I read something about Degas admiring Daumier's lithographs the other day so I ordered a book of said lithographs off t'internet.
A literary discussion in the second Gallery
What time is it please?
I think they're wonderful. They're often very funny and full of beautifully observed images of human character, behaviour and facial expression (obviously quite exaggerated as they're caricatures). Plus they're just great drawings.
They remind me very strongly of Dickens—pompous lawyers, for example (see below). And Daumier—like Dickens—sometimes depicted tragic events without any humour, just moral outrage, as in the second lithograph here which Baudelaire said showed Daumier was "really a great artist".

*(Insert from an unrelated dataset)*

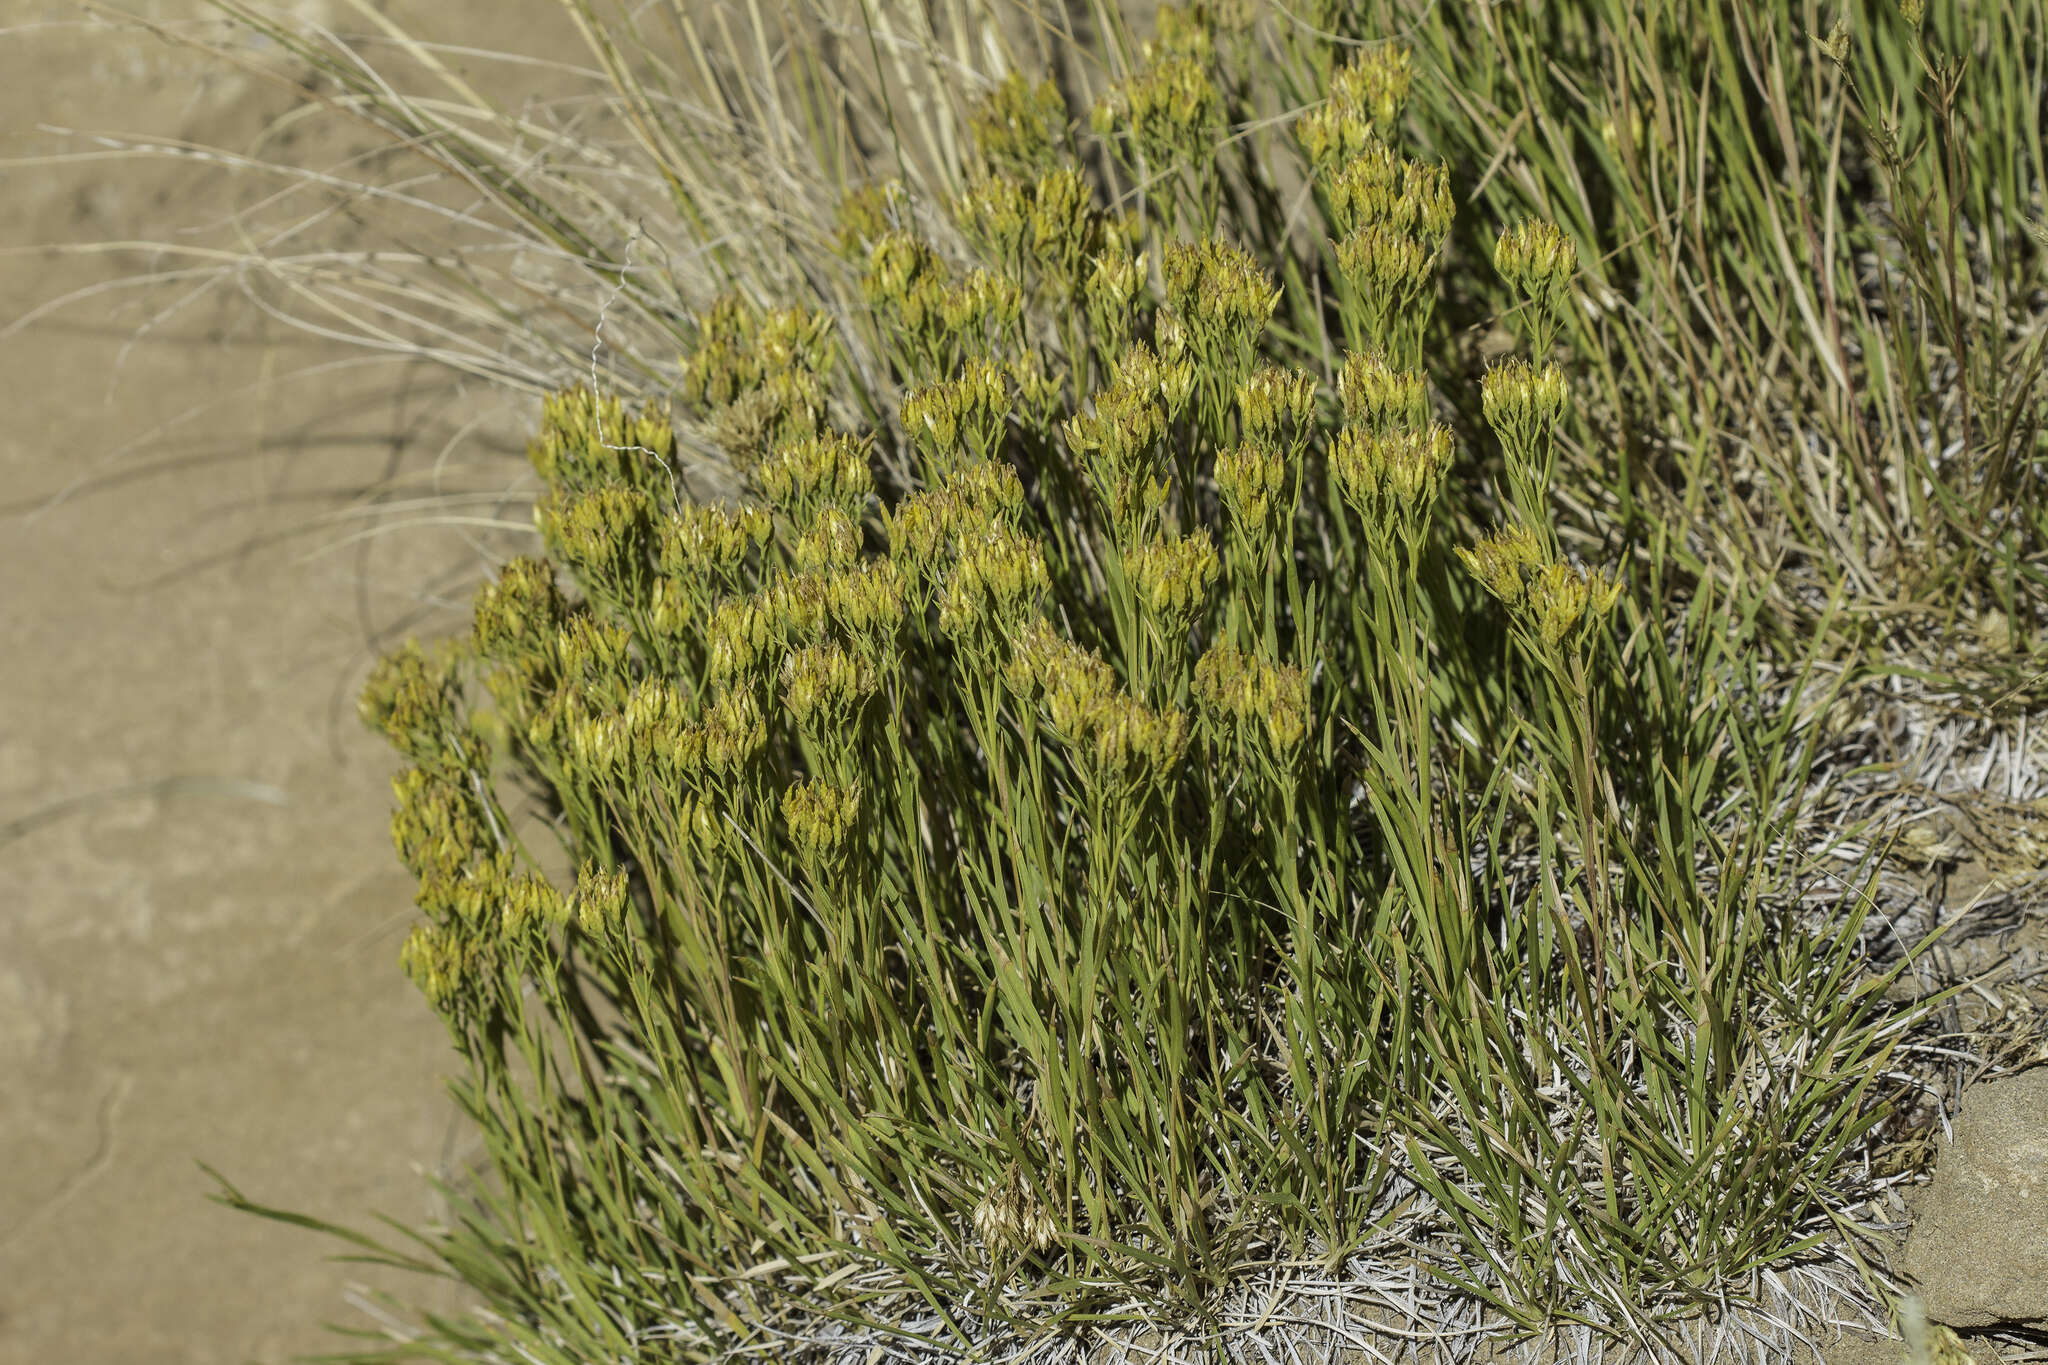 Image of grass-leaved rock goldenrod

I dug out my collection of Baudelaire's essays last night and he writes about Daumier at length in "Some French Caricaturists". Here's a snippet:
"To conclude, Daumier extended greatly the limits of his art. He has made a serious art of it; he is a great caricaturist. To assess his true worth, he needs to be analysed both as an artist and as a moralist. As artist, Daumier's distinguished mark is sureness of hand. He draws like the great masters. His drawing is rich and flowing, it is an uninterrupted improvisation and yet it is not just
chic. He has a a wonderful and almost divine visual memory, which takes the place of the model. All his figures stand firmly and are faithfully portrayed in movement. His gift of observation is so sure that it would be quite impossible to find in his drawings a single head that does not seem to fit on the body that carries it. A given nose, a given forehead, an eye, foot hand;
it is all the logic of the scholar transplanted into a light and fleeting art, which competes with the mobility of life itself."